Jacob turned to him with a bemused expression. “Sergeant? I have it—” Jacob's gloating was cut short. His blow should have driven any creature into shock, but not this one. This beast was only given a moment's pause by the sword piercing its side, and when it moved, it showed no sign of pain.
It tore the sword from Jacob's grip, pulling it out of its side, and rammed it, hilt-first, into Jacob's face.
The blow was strong enough to be instantly mortal, and the force of it sent Jacob's lifeless body through the line of advancing men, onto Günter.
Günter fell to the ground, his helmet bouncing off the stone floor hard enough to stun him.
Around him he heard the sounds of screams, and pray
ers, and tearing flesh. His stomach tightened at the smell of blood as he spent a short eternity pushing Jacob's corpse off of him. His hands slid in blood as he tried to regain his feet.
Günter shuddered and took a step back, raising his dagger.
The only other man left alive down here was a softly weeping soldier, one of Günter's fellow Prûsans, who still had his broken arm trapped between the heavy door and the wall. The corpses of five other men sprawled on the floor between Günter and the creature, some in several pieces.

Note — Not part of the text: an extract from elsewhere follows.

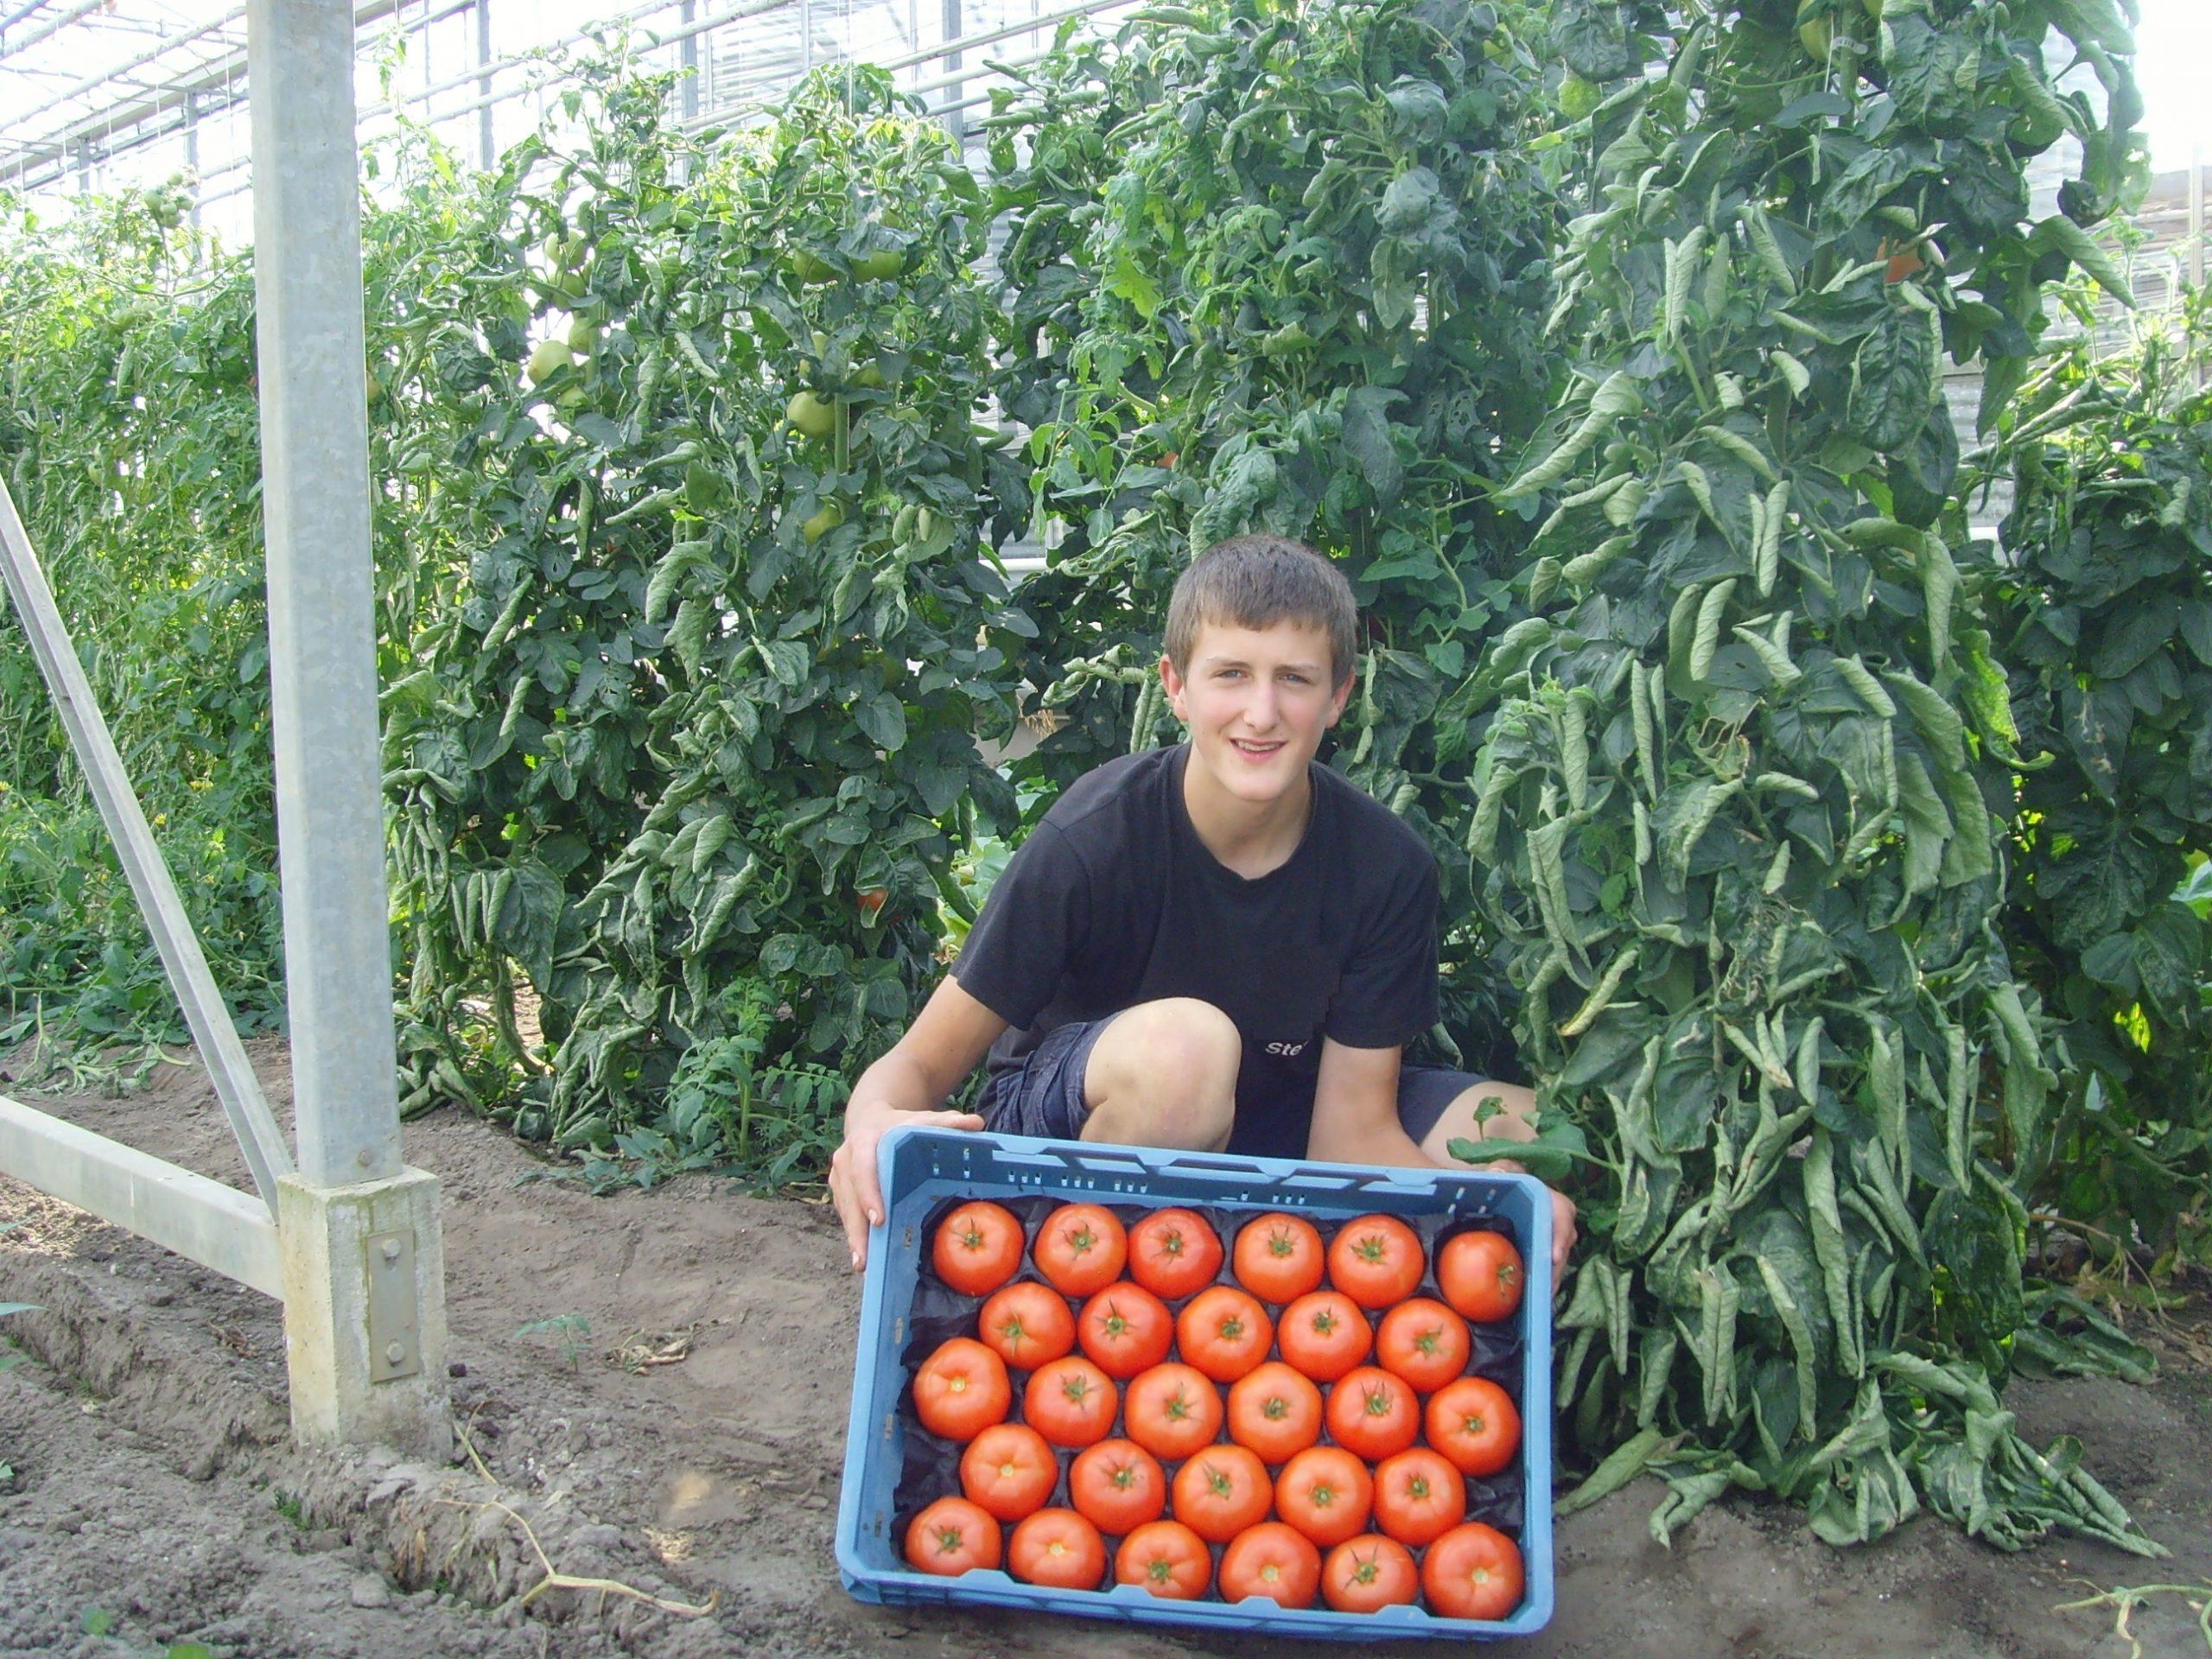 Stef met bak tomaten - Tuinbouwbedrijf Dillen
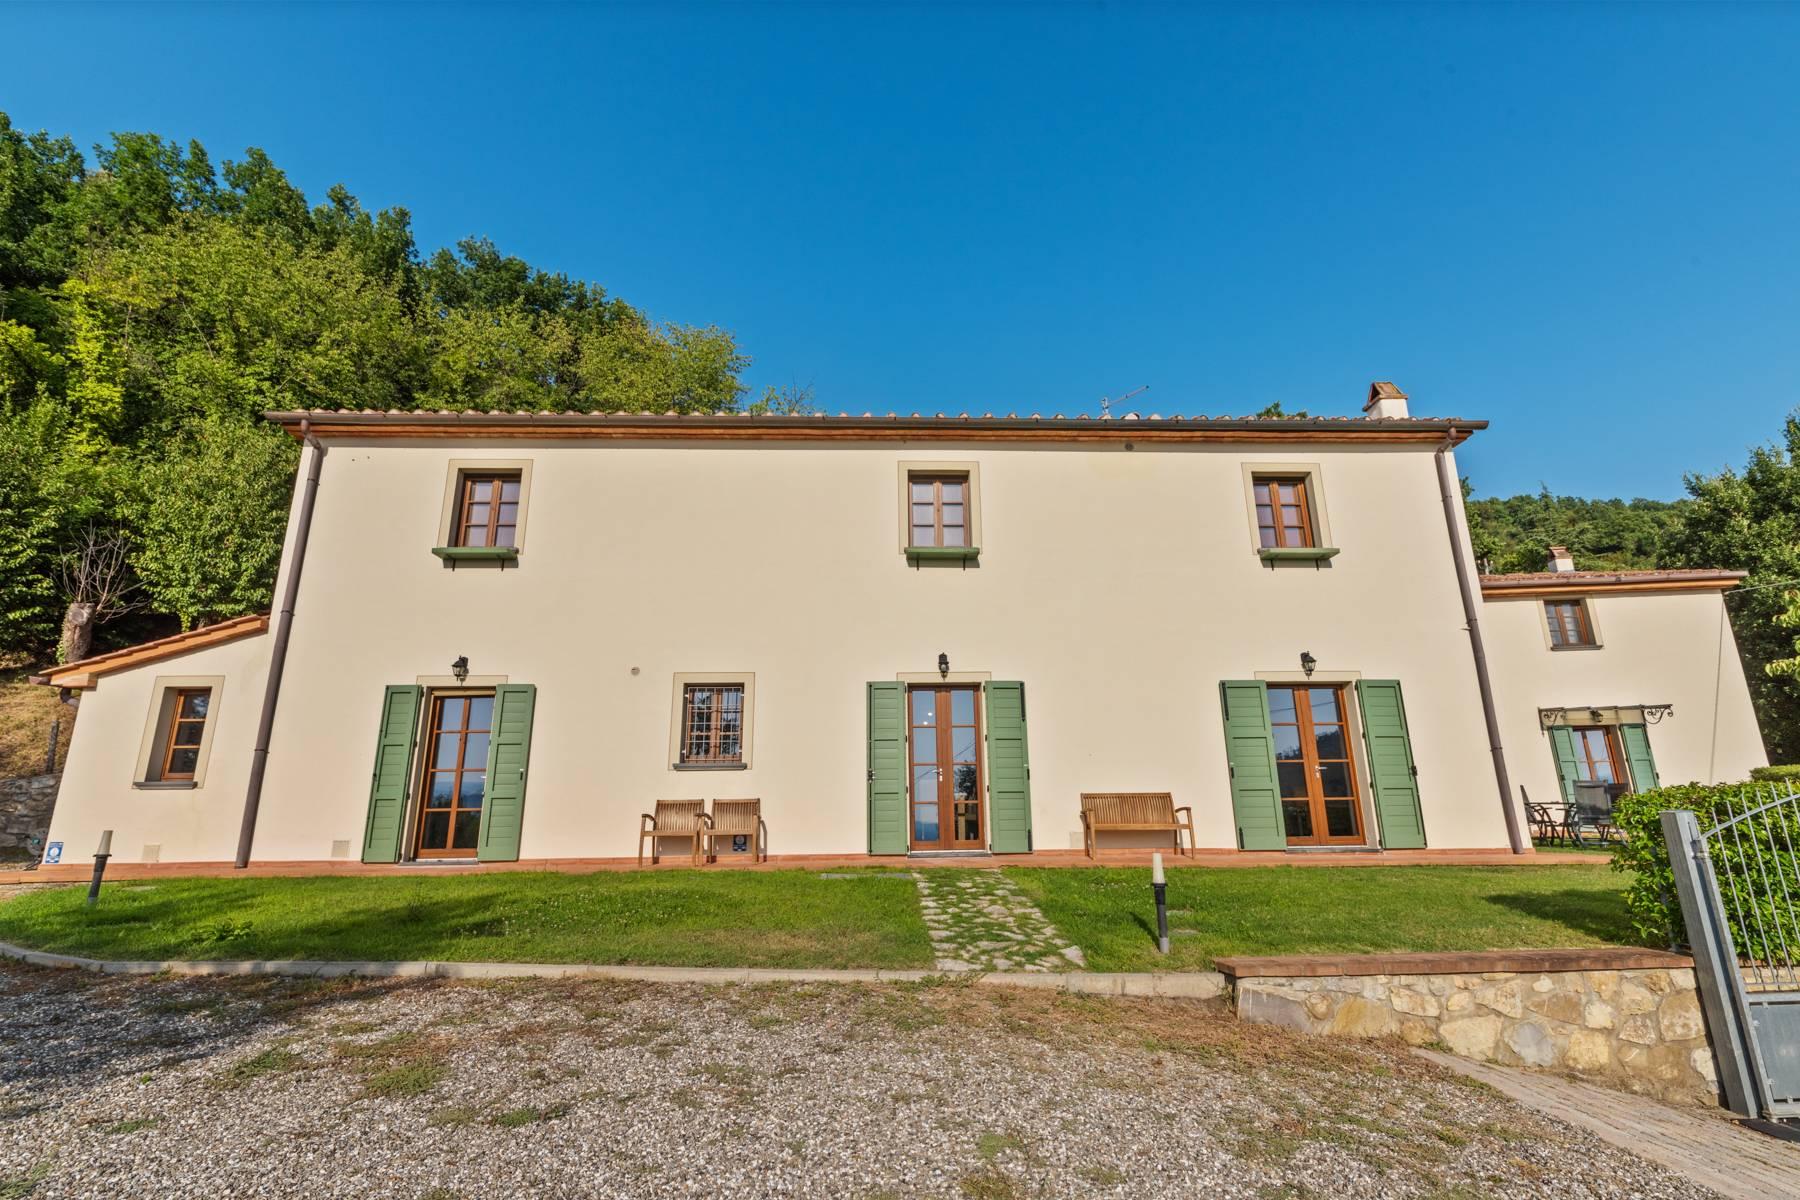 Rustico in Vendita a Monsummano Terme: 5 locali, 380 mq - Foto 25

The creature panted, limping down the center of the hallway toward Günter, its forearms and muzzle smeared with blood that glistened black in the lamplight. Günter thought he could see remnants of human flesh caught in its claws.
The beast regarded Günter with pitiless green eyes.
Günter backed up to the wall, holding the tiny silver blade between himself and the creature, praying to Christ, and Perkunas, that he would at least die well.
Again, the gods refused to pay any attention to Günter Sejod. The beast snarled at him and bared its teeth—or maybe it smiled at the impotent blade shaking between them. Then it hunched over and loped past him on three legs, faster than Günter would expect a man to run.
It ran toward the stairs.
Chapter 3
Oytim scrambled down the narrow spiral staircase toward the keep's granary. He carried three crossbows and a canvas bag of, of all things, silver-tipped bolts. The weapons had been in a special locked case in the armory. No one had ever mentioned the case or its contents to him—not until the alarm bells woke him from sleep and Sergeant Günter had grabbed him, handed him the key, and ordered him to retrieve the contents.
As Oytim had rushed toward the armory, Sergeant Günter had led every other soldier barracked in the keep down toward the lower storerooms where the prisoner was kept.